TASK DETAILS: What you return should match the data word for word, minus the images.

**** INPUT DATA

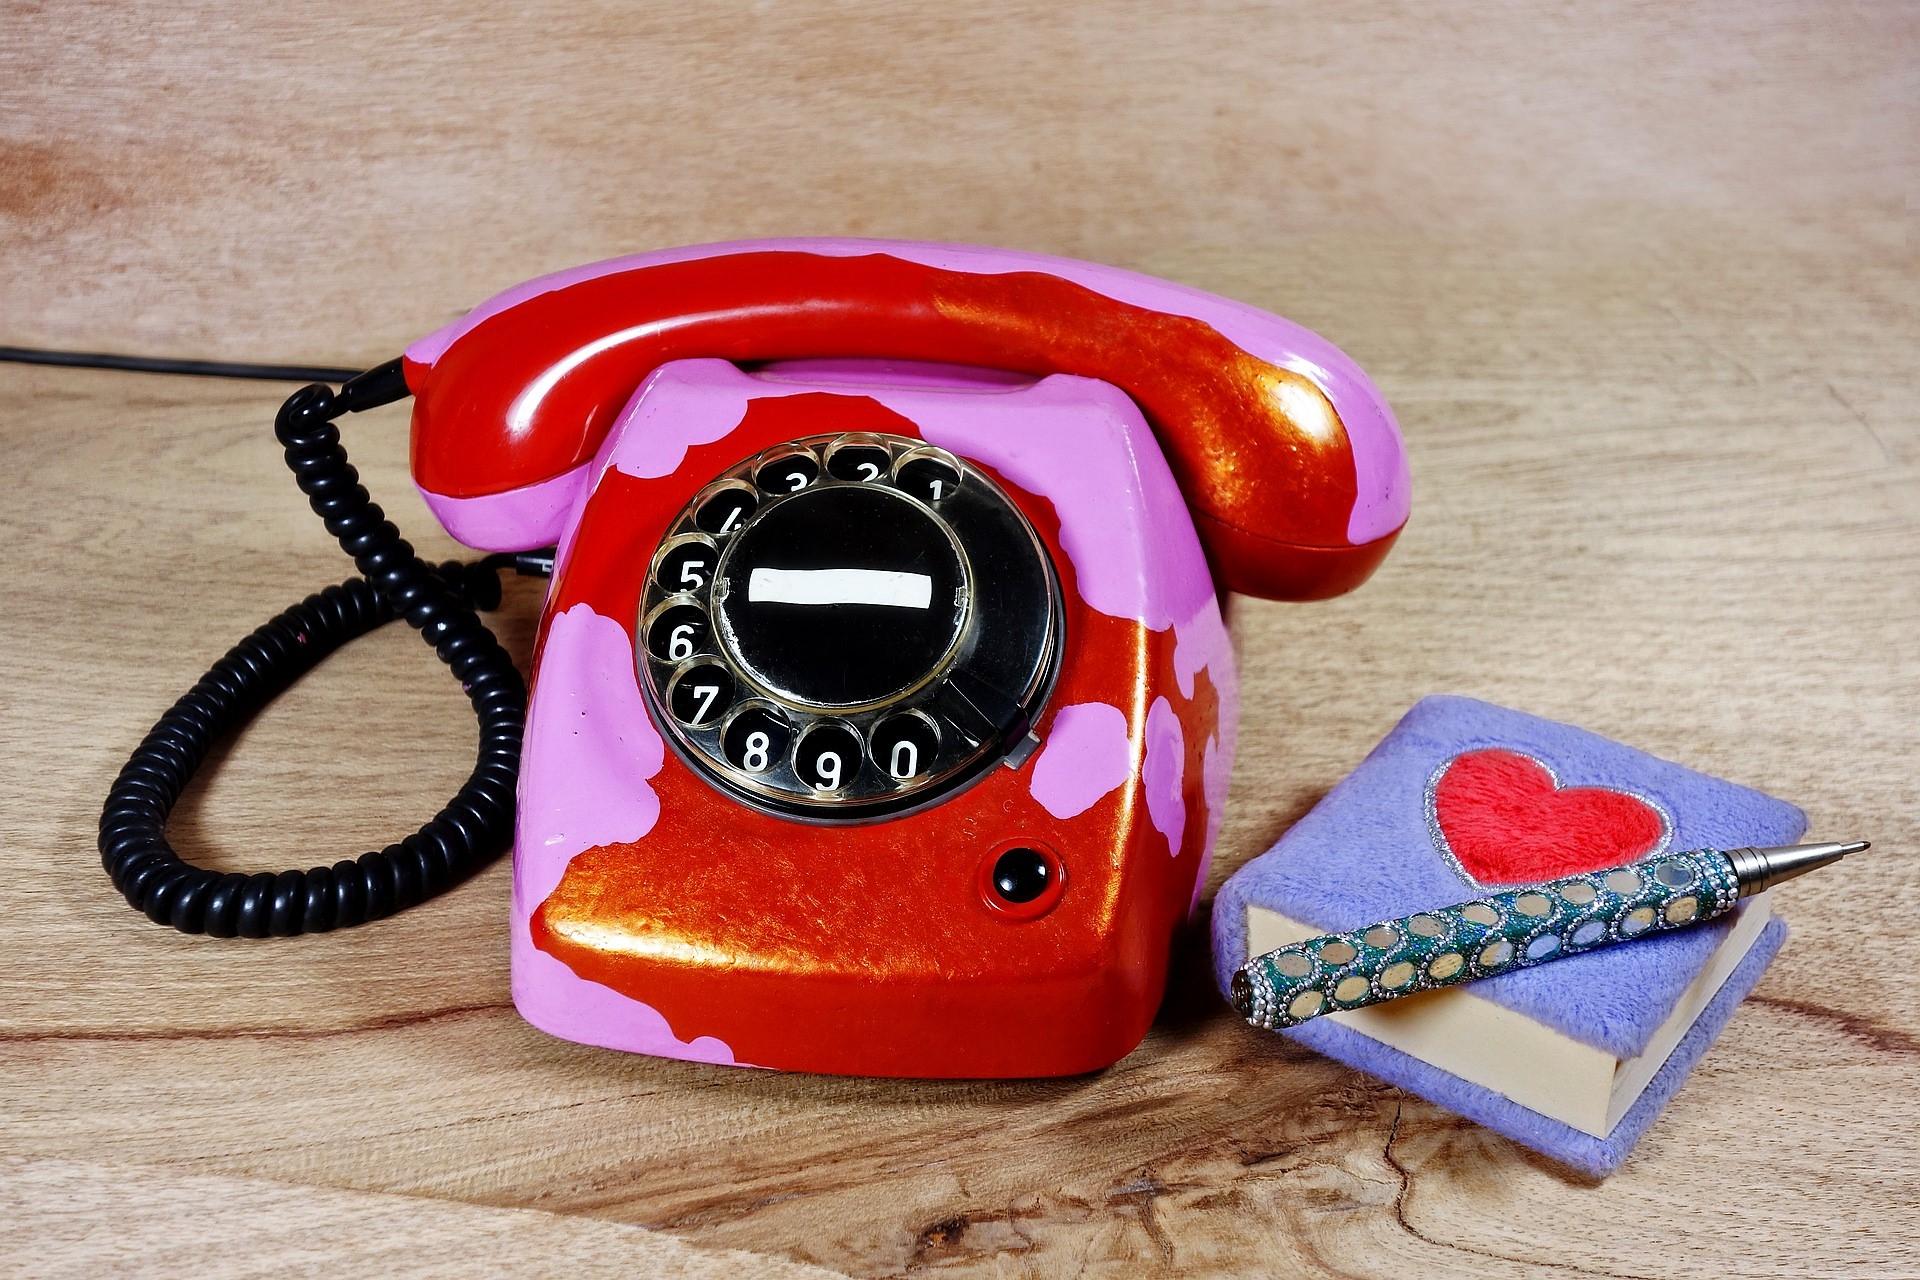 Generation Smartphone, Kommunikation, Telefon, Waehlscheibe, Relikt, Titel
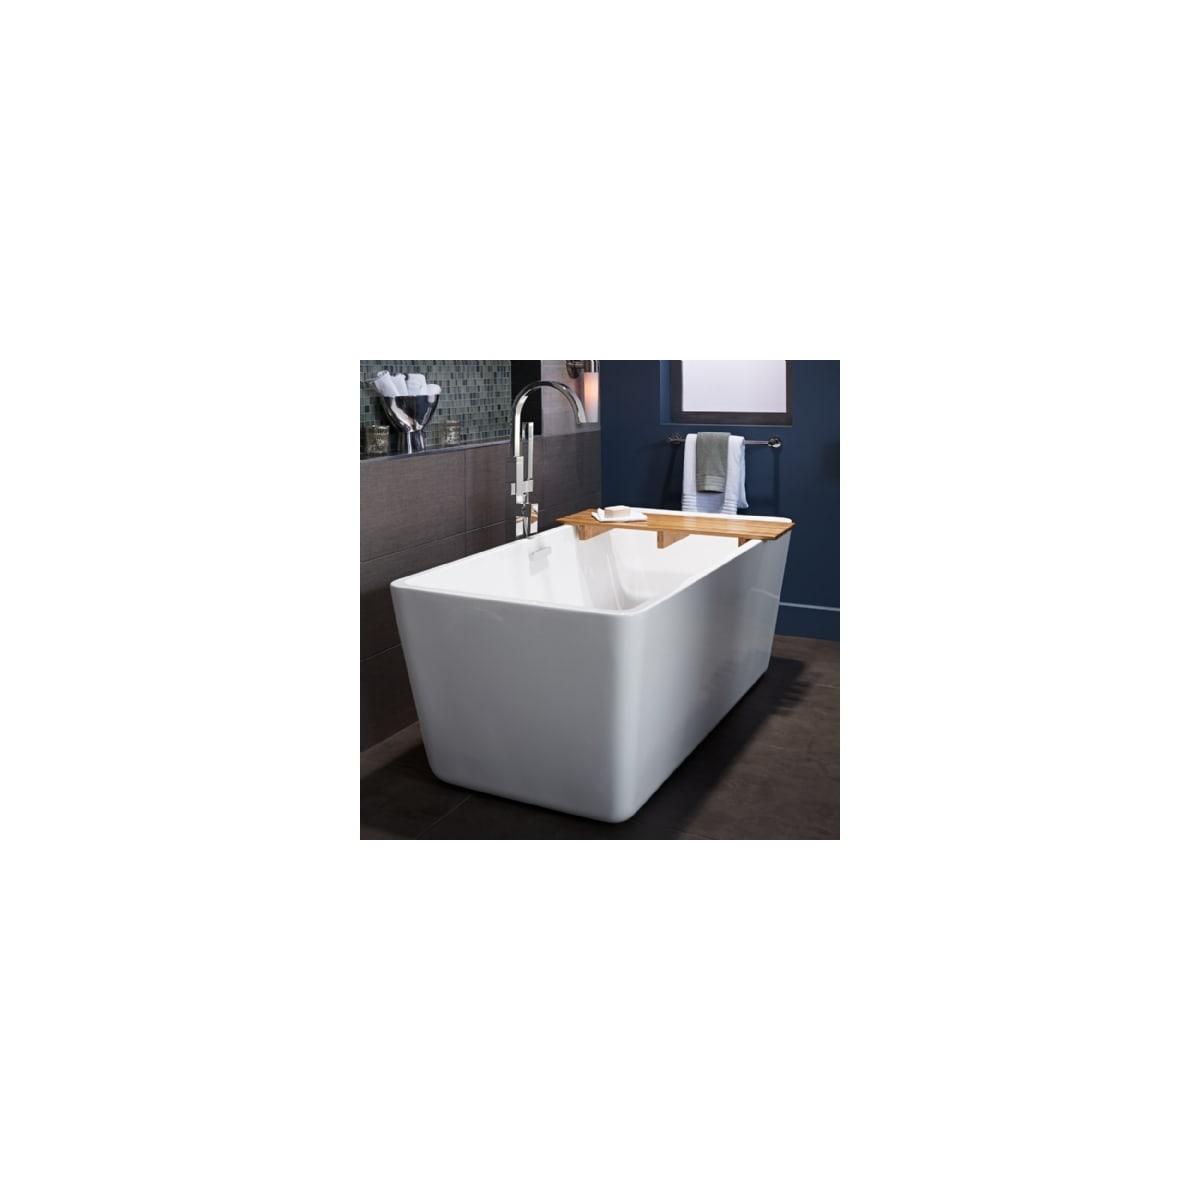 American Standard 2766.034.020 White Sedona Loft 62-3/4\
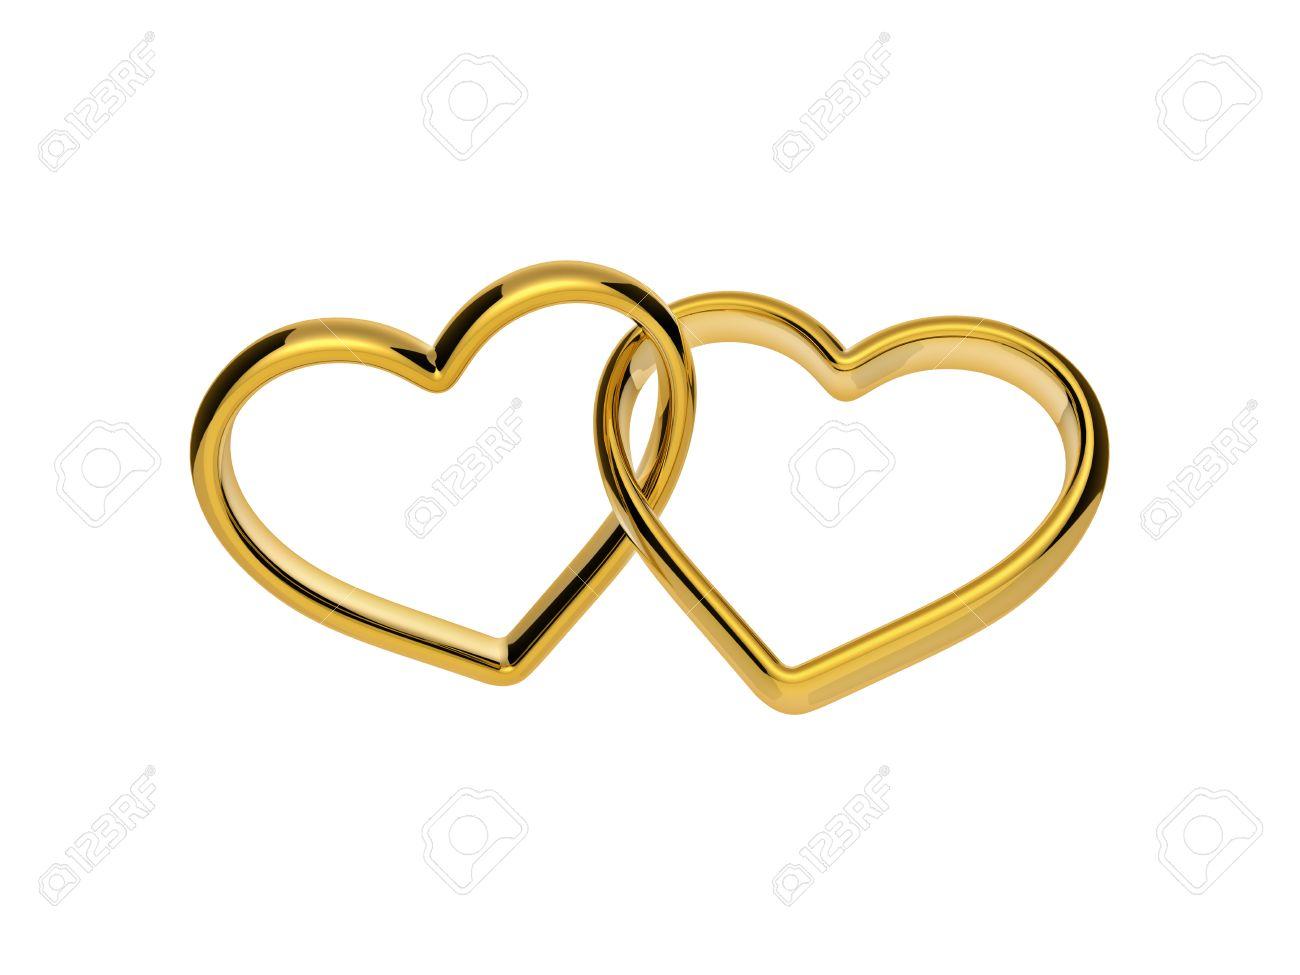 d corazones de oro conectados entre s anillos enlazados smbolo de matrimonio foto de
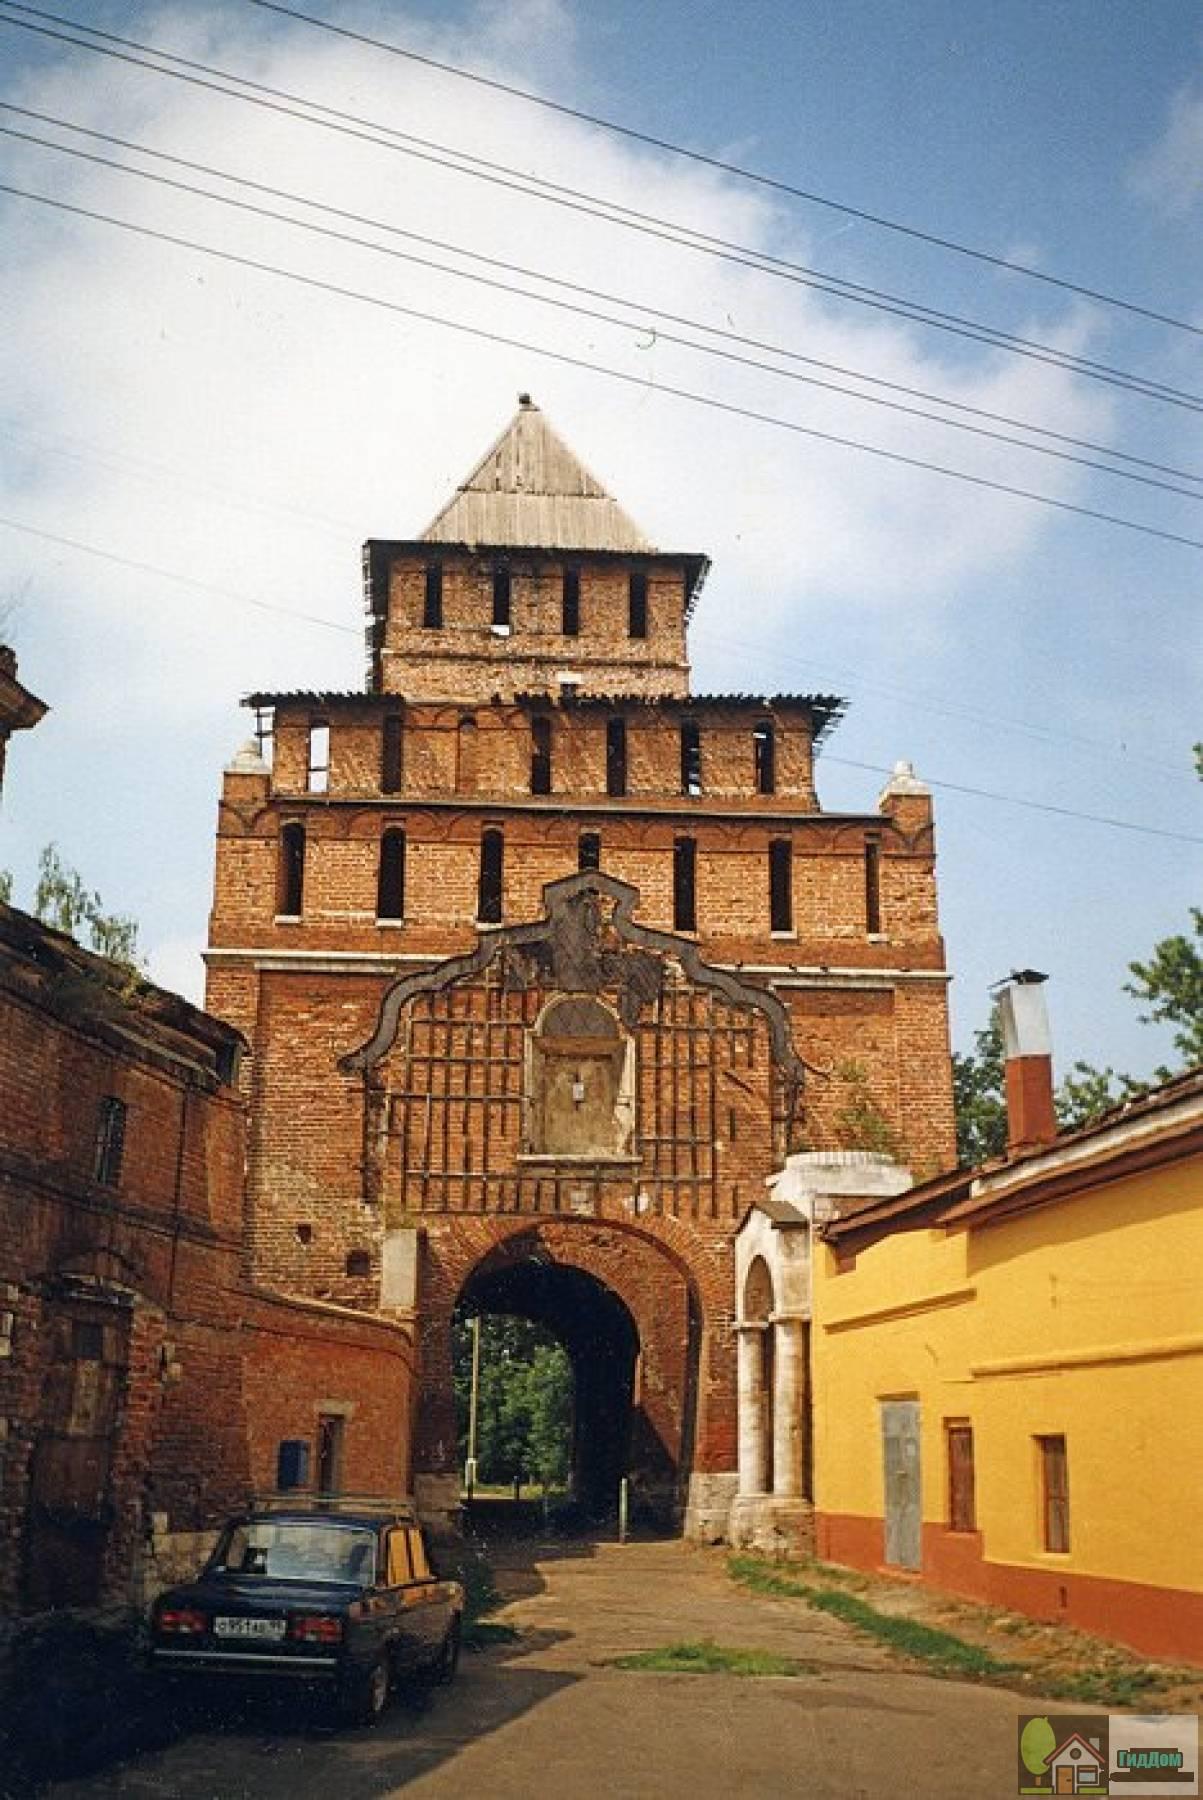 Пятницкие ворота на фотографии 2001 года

********

RESULT OF THE TASK:
 Generation Smartphone, Kommunikation, Telefon, Waehlscheibe, Relikt, Titel
 American Standard 2766.034.020 White Sedona Loft 62-3/4\
 d corazones de oro conectados entre s anillos enlazados smbolo de matrimonio foto de
 Пятницкие ворота на фотографии 2001 года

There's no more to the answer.